Когда на другой день я опять пришел на квартиру г-жи фон Граун, горничная провела меня в другую комнату, что-то вроде будуара, силящегося выглядеть мило. Я и в прошлый раз обратил внимание на то, как жарко тут топили, и хотя на дворе было безусловно сыро, но уж никак не холодно, и поэтому эта оргия центрального отопления казалась чрезмерной. Меня заставили долго ждать. На консоле стояло несколько довольно старых французских романов; большинство авторов были отмечены литературными премиями; был тут и потрепанный экземпляр "Сан-Мишеля" д-ра Акселя Мунте. В застенчиво глядящей вазе стояли гвоздики. Были тут и другие хрупкие вещицы – вероятно, всё хорошие и дорогие, но я, как и Севастьян, всегда чуть ли не патологически не любил ничего стеклянного или фарфорового.

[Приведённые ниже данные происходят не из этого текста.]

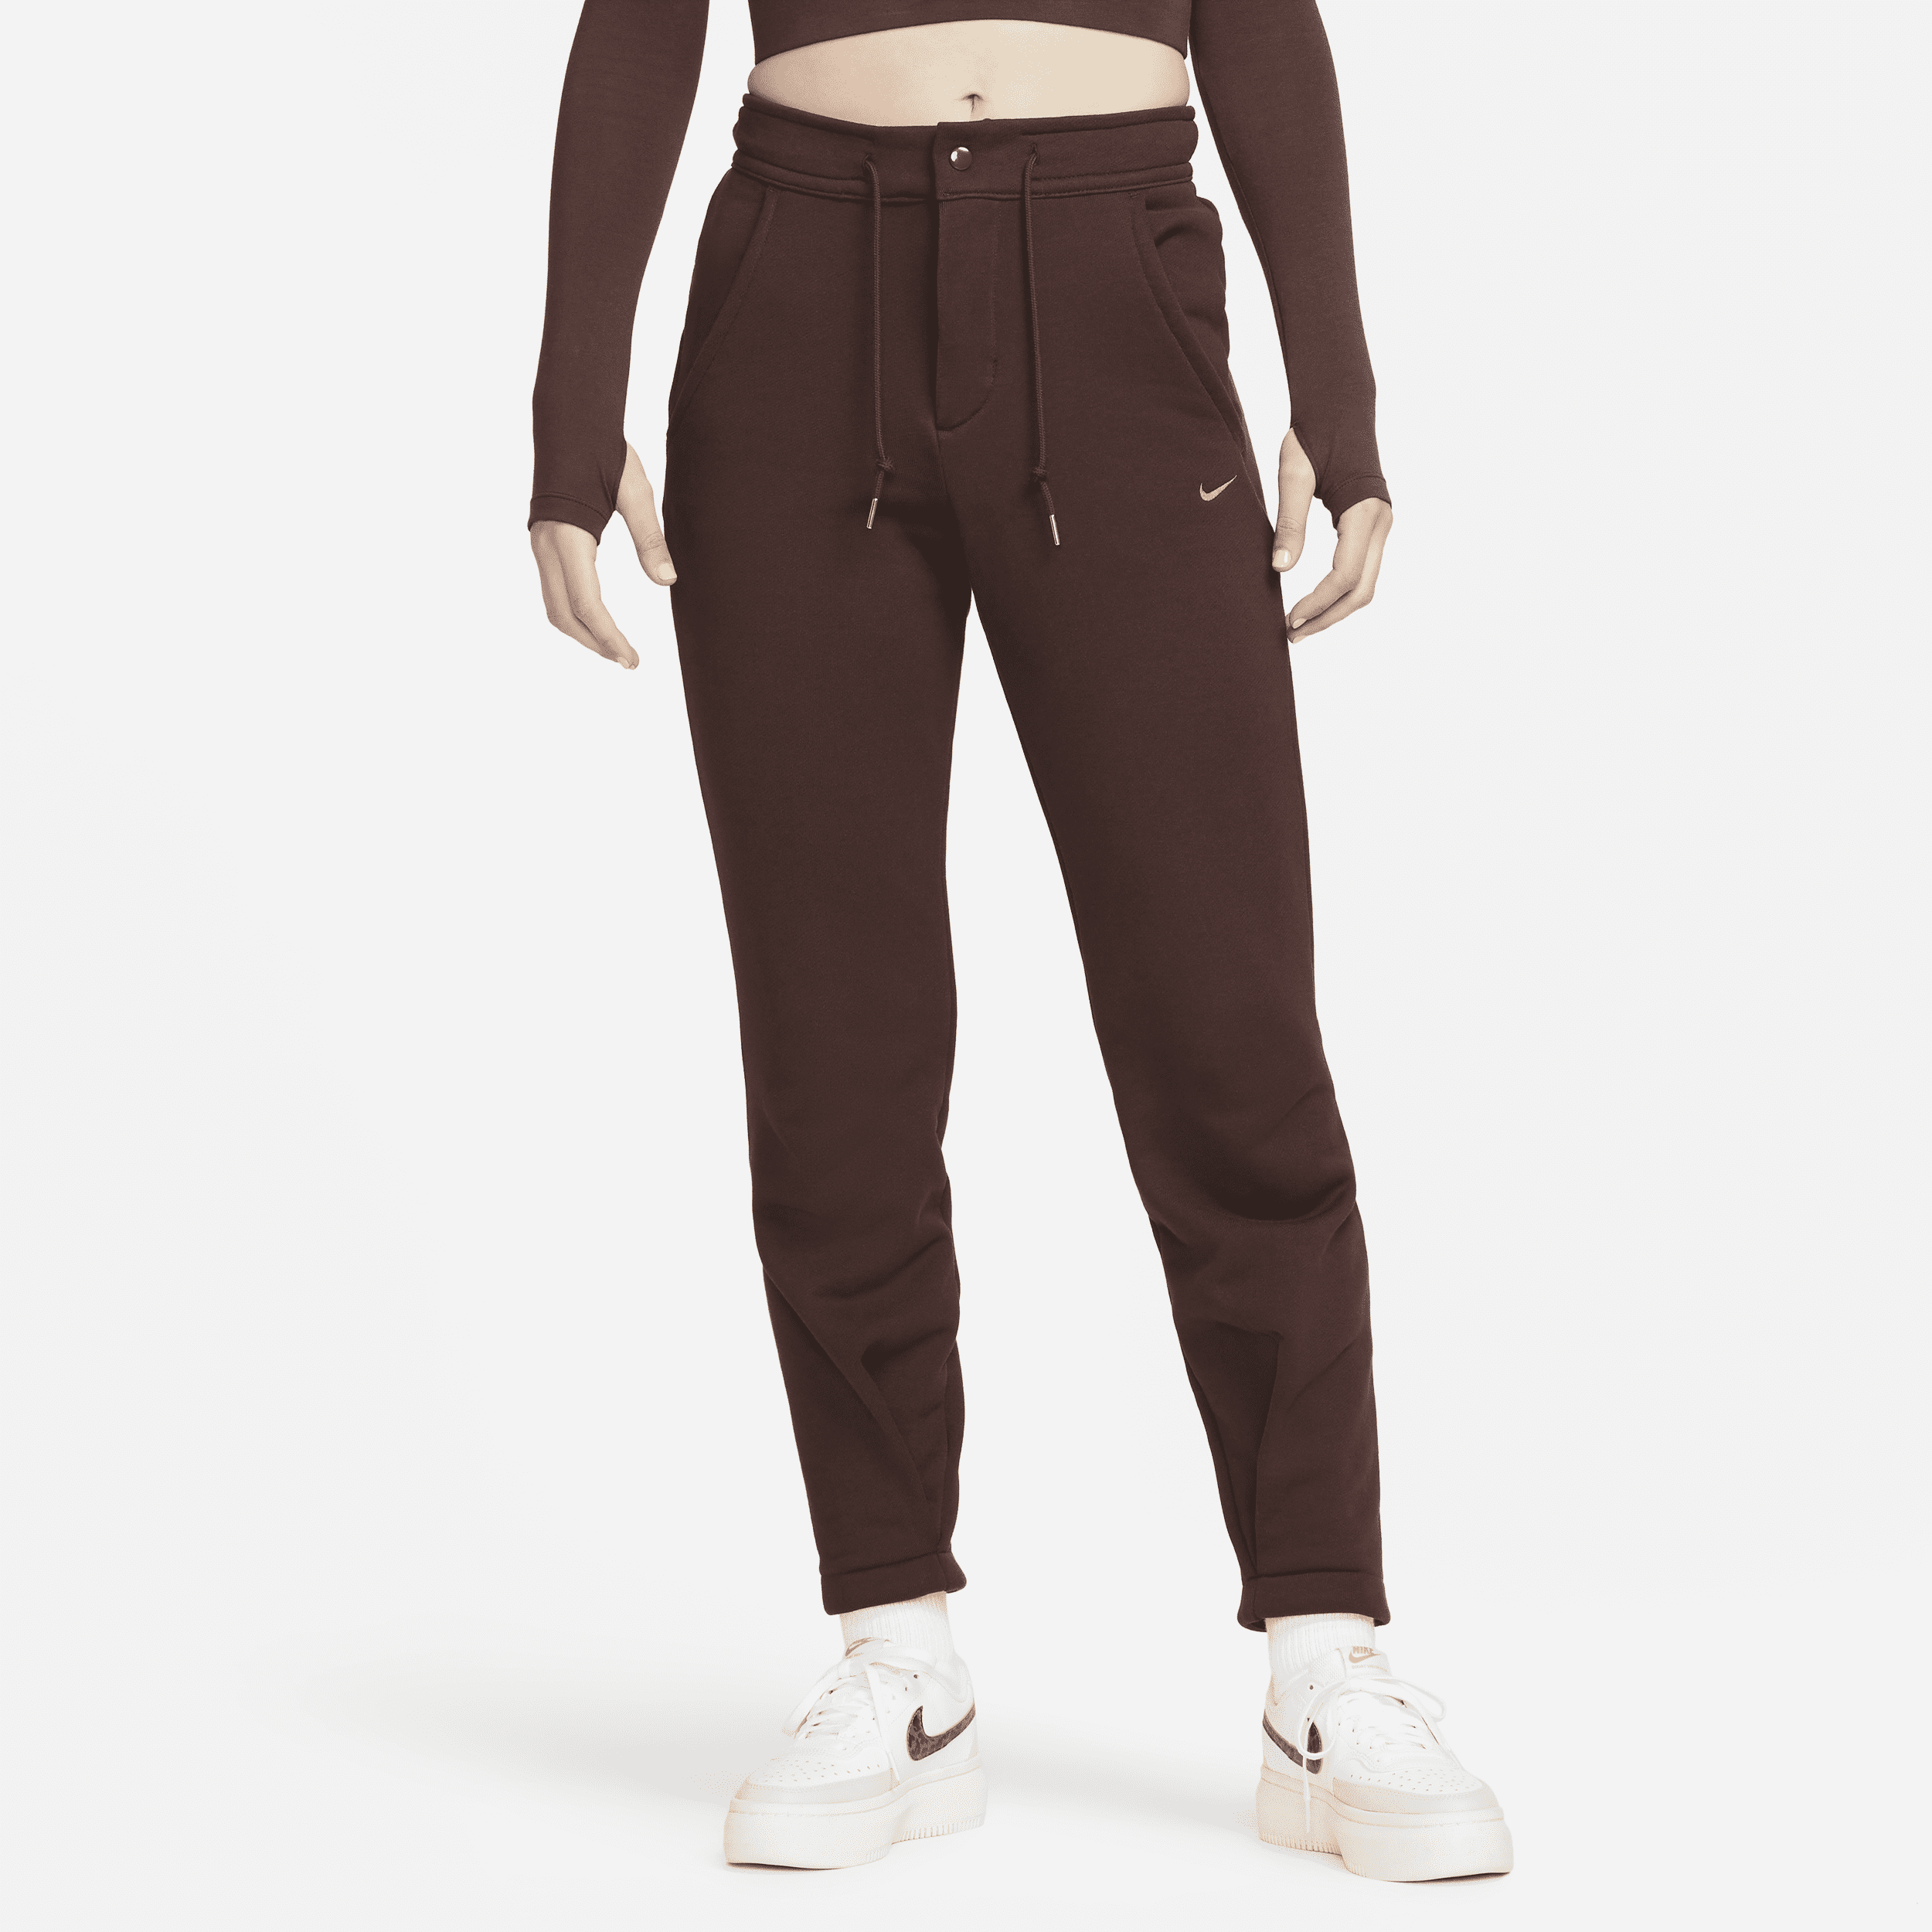 Nike Sportswear Modern Fleece Pantalón de talle alto y tejido French terry - Mujer - Marrón

Наконец, нельзя не сказать об одном предмете бутафорской лакированной мебели, в коем помещалась, как я догадывался, самая ужасная вещь на свете – радиоприемник. Тем не менее казалось, что, в общем, Элен фон Граун женщина "культурная" и "со вкусом".

Дверь наконец отворилась, и в нее боком вошла та же дама, которую я видел в прошлый раз, – говорю "боком", потому что ее голова была повернута в сторону и вниз: она обращалась, как выяснилось, к черному, сопящему, с жабьей мордой бульдогу[75], который как будто не желал входить.

– Помните о моем сапфире, – сказала она, подавая мне свою холодную маленькую руку.

Она села на синюю софу и подхватила тяжелого бульдога. ", – произнесла она чуть задыхаясь, – viens[76]. Он куксится без Элен", – сказала она, устроив пса между подушками.

– Какая, знаете, жалость, я думала, она вернется утром, но она телефонировала из Дижона и сказала, что ее не будет до субботы (а был вторник). Я ужасно перед вами виновата, но я не знала, как вам сообщить. Вы очень огорчены? – И она посмотрела на меня, положив подбородок на сцепленные руки и опершись о колени острыми локтями в тесно их облегающих бархатных рукавах.

– Быть может я утешусь, – сказал я, – если вы мне еще что-нибудь расскажете о г-же Граун.

– А кроме того, – сказала она, подымая палец с острым ноготком, – j’ai une petite surprise pour vous[77]. Но прежде – чай.

Я понял, что на сей раз без этого фарса чаепития не обойтись; да уже и горничная прикатила столик на колесиках, на котором поблескивал чайный прибор.

– Поставьте его сюда, Жанна, – сказала мадам Лесерф. – Да, так хорошо.

– Ну а теперь вы должны рассказать мне со всеми подробностями, – сказала мадам Лесерф, – tout ce que vous croyez raisonnable de demander à une tasse de thé

– Предпочитаю выглядеть русским, – сказал я.

– Боюсь, я никого из русских не знаю, если не считать Элен, разумеется. Эти пирожные, по-моему, довольно забавны[79].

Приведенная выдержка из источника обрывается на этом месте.